Better days ahead for Coal India on closure of unviable mines

Coal India’s performance in the December quarter marks a recovery, it was better than expected on the profitability front and could prop up investor sentiment. Earlier, the firm’s performance was affected by destocking of coal inventories by power sector customers, wage hike provisioning and grade slippages-related issues. This affected investor sentiment as well. 

Reported sales volumes grew 7 per cent, aided by increased supplies to the power sector. The proportion of supplies, under fuel supply agreements (FSAs), to power sector customers — cheaper by 20 per cent — weighed on realisations. But higher e-auction realisations helped sustain Q3 realisations at levels seen in the year-ago period. Thus, reported sales grew 6 per cent year-on-year (y-o-y), to Rs 216.4 billion. 

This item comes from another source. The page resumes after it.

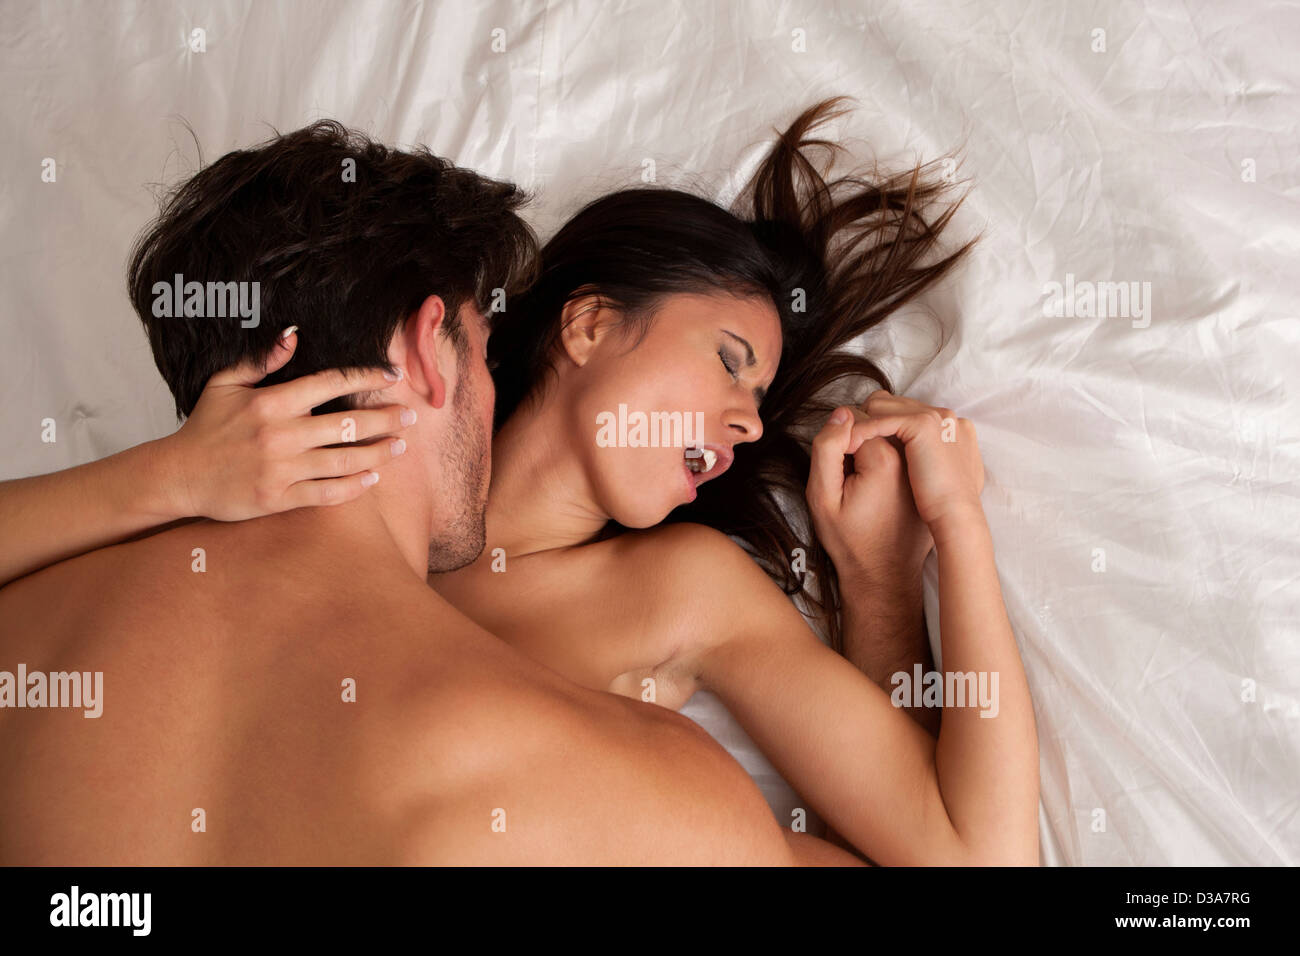 Amour Au Lit Photos couple faisant l'amour au lit banque d'images, photo stock: 53700740

Improving e-auction realisations were at Rs 1,998 a tonne in Q3, compared to Rs 1,564 a tonne in the corresponding period a year earlier. FSA realisations are expected to improve in the March quarter, given that Coal India raised prices in January. Analysts said the company’s recent, larger-than-expected, FSA price hike of over Rs 100 a tonne was a major positive, and would likely result in an accrual of Rs 64 billion in additional annual revenue. This would be in addition to Rs 25 billion revenue increment from the evacuation facility surcharge. ICICI Securities analysts added that the e-auction premiums could stay strong in the near- to mid-term, as power utilities stocked up to meet peak summer demand. 

Coal India was also able to rationalise costs in Q3. Operating profit, at Rs 46.2 billion, improved 20 per cent y-o-y; excluding overburden removal, it was up 19 per cent at Rs 55.4 billion. Net profit was up 4 per cent y-o-y at Rs 30 billion, ahead of consensus estimates of Rs 27 billion.

Against this backdrop, analysts remained positive on Coal India’s realisations and volumes prospects. Motilal Oswal Securities said concerns around grade slippage and wage hikes were now over and volume growth, operating leverage, closure of unviable underground mines and high natural (employee) attrition remained key earnings drivers. They expected Coal India’s earnings to grow at a compounded annual rate of 30 per cent during FY18-20.

One area to keep track of is whether the company’s plans to move to gross calorific value (GCV)-based coal pricing will affect its financials. Globally, companies follow GCV-based pricing. Some analysts said such a move might offset benefits of recent price hikes. Analysts at Jefferies said there could be variances depending on the actual grade delivered, which could affect average realisation, but it was unlikely that the entire impact of the recent 10 per cent price hike might be negated, contrary to market fears. 

Jefferies has a target price of Rs 350, while that of Motilal Oswal Securities is Rs 401 for the stock trading at Rs 301.